TypeError: __init__() got an unexpected keyword argument 'dropout'

### 2.5 Transformer
我可以把Encoder和Decoder结构连在一起就得到最后的Transformer。

In [None]:
class Transformer(nn.Module):
    """Transformer Module"""
    def __init__(self, d_model=512, nhead=8, 
                 num_encoder_layers=6, num_decoder_layers=6, 
                 dim_feedforward=2048, dropout=0.1):
        super(Transformer, self).__init__()
        encoder_layer = TransformerEncoderLayer(d_model, nhead, dim_feedforward, dropout)
        decoder_layer = TransformerDecoderLayer(d_model, nhead, dim_feedforward, dropout)
        self.encoder = TransformerEncoder(encoder_layer, num_encoder_layers)
        self.decoder = TransformerDecoder(decoder_layer, num_decoder_layers)
    
    def forward(self, src, tgt, src_mask=None, tgt_mask=None, 
                memory_mask=None, src_key_padding_mask=None, 
                tgt_key_padding_mask=None, memory_key_padding_mask=None):
        memory = self.encoder(
            src, 
            mask=src_mask, 
            src_key_padding_mask=src_key_padding_mask
            )
        output = self.decoder.forward(
            tgt, memory, tgt_mask=tgt_mask, memory_mask=memory_mask,
            tgt_key_padding_mask=tgt_key_padding_mask,
            memory_key_padding_mask=memory_key_padding_mask
            )
        return output

## 3. 输入和输出的处理
虽然有了Transformer结构，但是现在的Transformer结构依然只能接受`d_model`维输入，产生`d_model`维的输出，因此我们还需要设计一个词嵌入结构和预测输出的结构。

### 3.1 位置编码
我们除了直接使用词嵌入方法编码输入以外，还需要把词向量加上一个同样大小的位置向量作为最终输入Encoder的词向量。位置向量公式如下：
$$
P_{(pos,2i)}=\sin\left(\frac{pos}{10000^{2i/d}}\right)\\\\
P_{(pos,2i+1)}=\cos\left(\frac{pos}{10000^{2i/d}}\right)
$$
其中`pos`指的是单词在输入序列中的位置，而`i`表示这个值在embdding向量中的位置。下面的实现中的`den`就是$\frac{1}{10000^{2i/d}}$，这样以来Transformer就可以区分出不同位置上的词语了。

In [None]:
class PositionalEncoding(nn.Module):
    """Add positional encoding to token embedding vector"""
    def __init__(self, embedding_dim, dropout_r, max_len=5000):
        """Add positional encoding to token embedding vector

        :param embedding_dim: The embedding dim of positional encoding
        :param dropout_r: Ratio of combined embedding vector dropout
        :param max_len: Max length positinal encoding can be generated, defaults to 5000
        """
        super(PositionalEncoding, self).__init__()
        den = torch.exp(torch.arange(0, embedding_dim, 2) * (-math.log(10000)) / embedding_dim)
        pos = torch.arange(0, max_len).reshape(max_len, 1)
        pos_embedding = torch.zeros((max_len, embedding_dim))
        pos_embedding[:, 0::2] = torch.sin(den * pos)
        pos_embedding[:, 1::2] = torch.cos(den * pos)
        pos_embedding = pos_embedding.unsqueeze(-2) # Reshape into [max_len, 1, emb_size]
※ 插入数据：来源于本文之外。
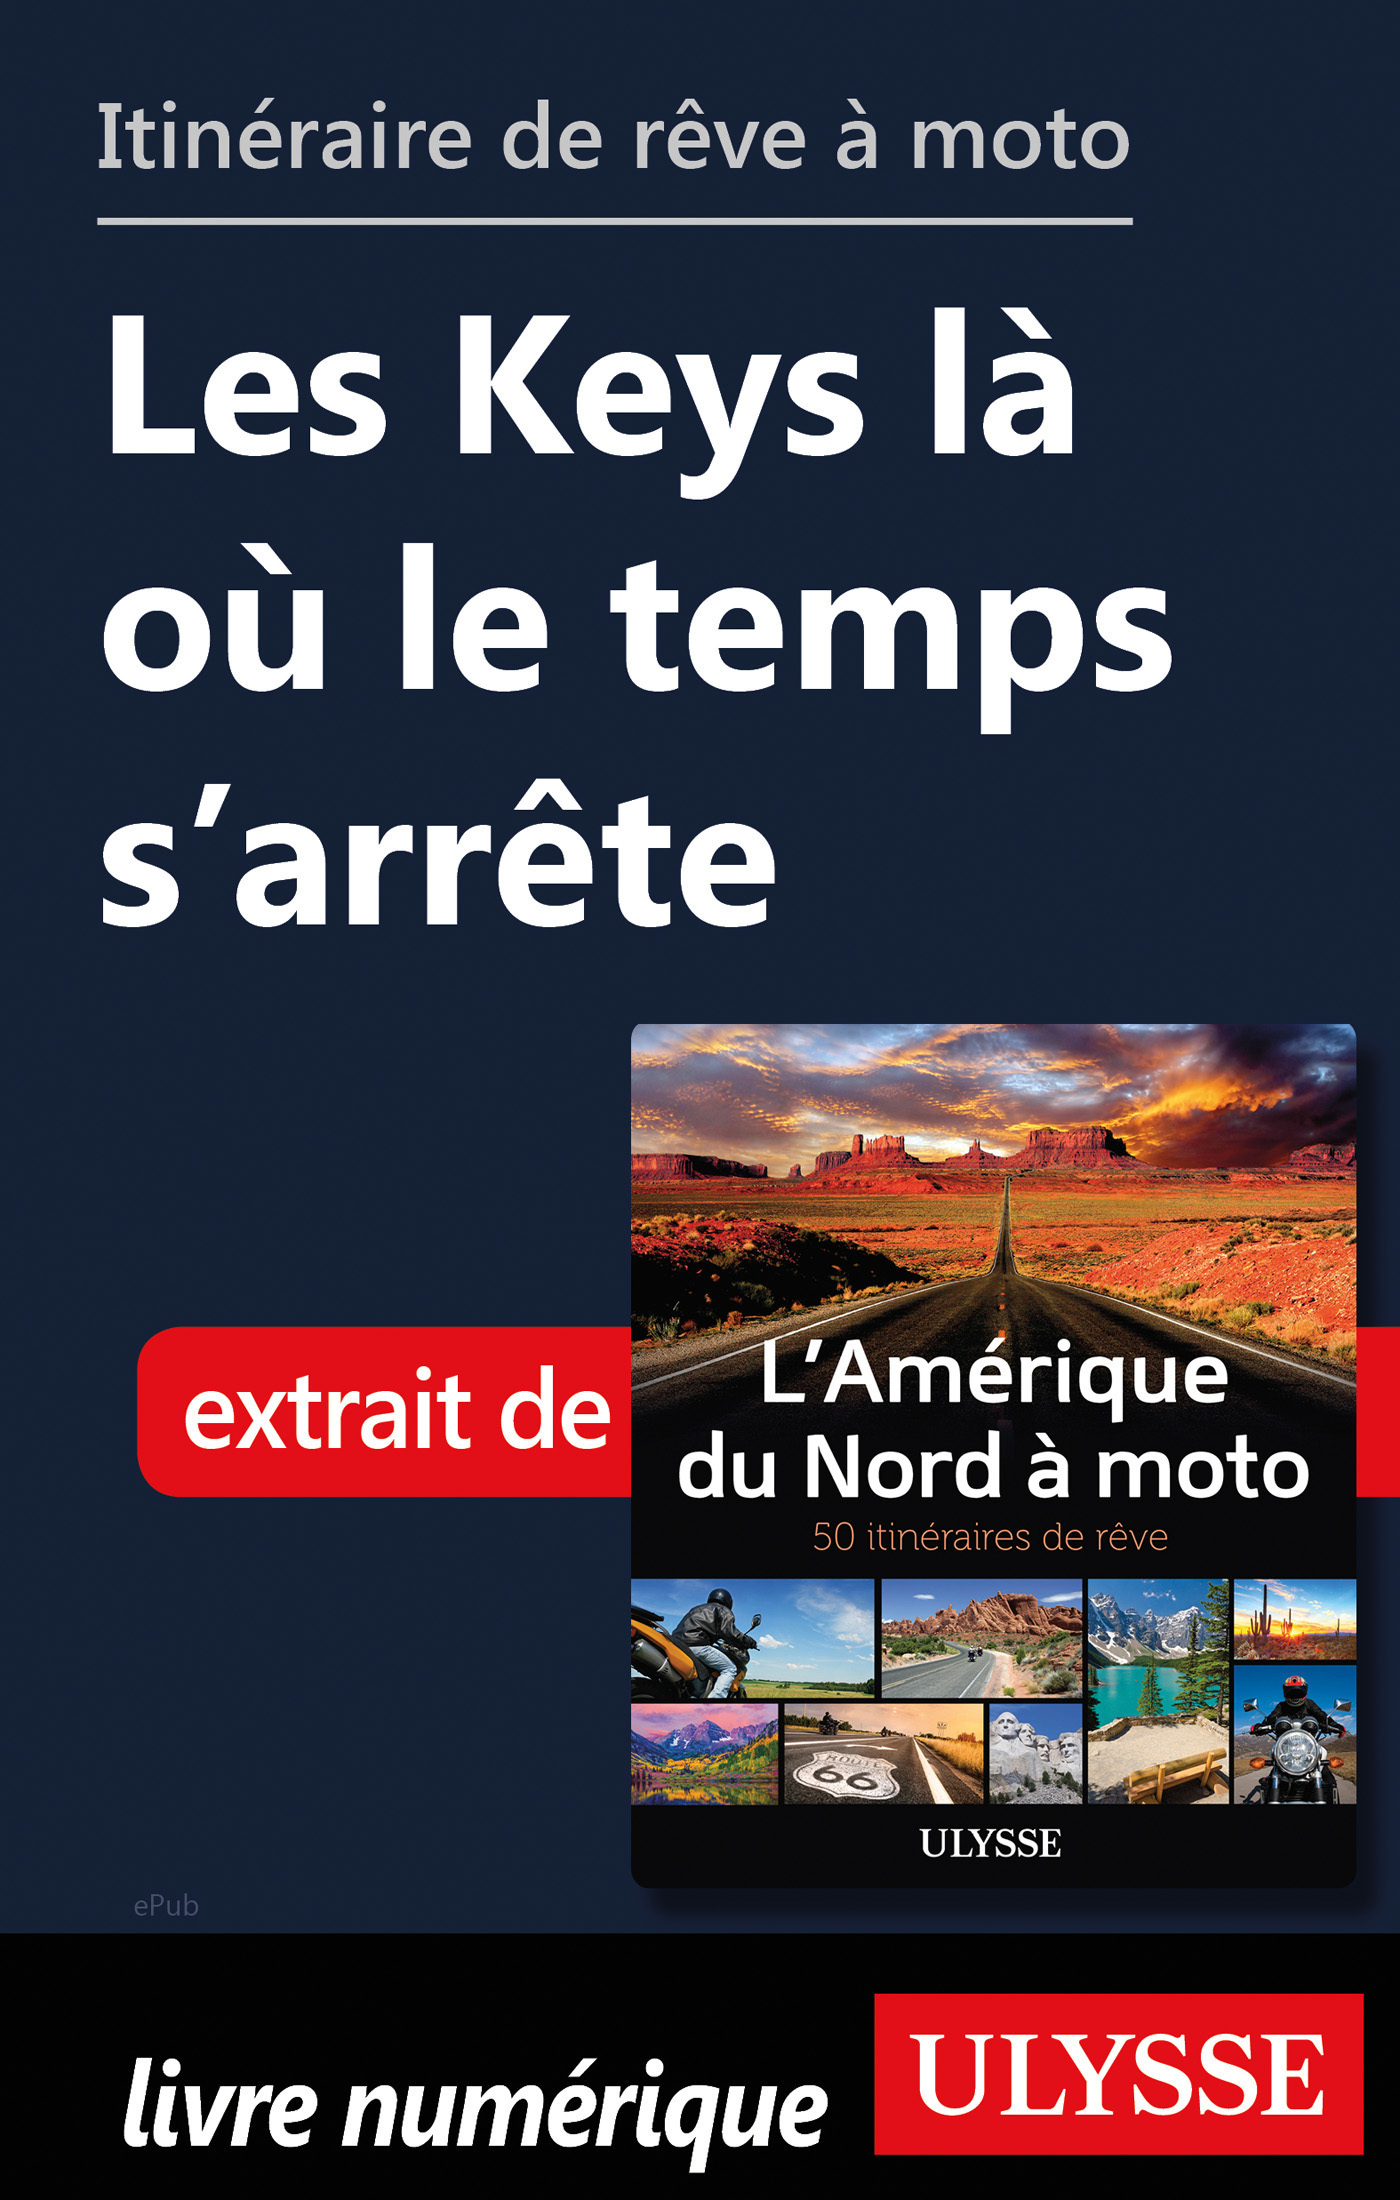 Itinéraire de rêve à moto - Les Keys là où le temps s'arrête

        self.dropout = nn.Dropout(dropout_r)

        # Register some variables as buffers when
        # 1) The values don't join compute graph and don't require gradients
        # 2) Wish model.save() could save the variables
        # 3) Wish model.to(device) could apply on the variables
        self.register_buffer('pos_embedding', pos_embedding)
    
    def forward(self, token_embedding):
        return self.dropout(token_embedding + self.pos_embedding[:token_embedding.size(0), :])

In [None]:
class TokenEmbedding(nn.Module):
    """Word embedding but scaled"""
    def __init__(self, vocab_size, embedding_dim):
        super(TokenEmbedding, self).__init__()
        self.embedding = nn.Embedding(vocab_size, embedding_dim)
        self.embedding_dim = embedding_dim
    
    def forward(self, tokens):
        return self.embedding(tokens) * math.sqrt(self.embedding_dim)

In [None]:
# 简单测试一下
VOCAB_SIZE = 10

seq = torch.ones((LENGTH, BATCH_SIZE)).long()
embedding = TokenEmbedding(VOCAB_SIZE, D_MODEL)
pos_embedding = PositionalEncoding(D_MODEL, 0.1)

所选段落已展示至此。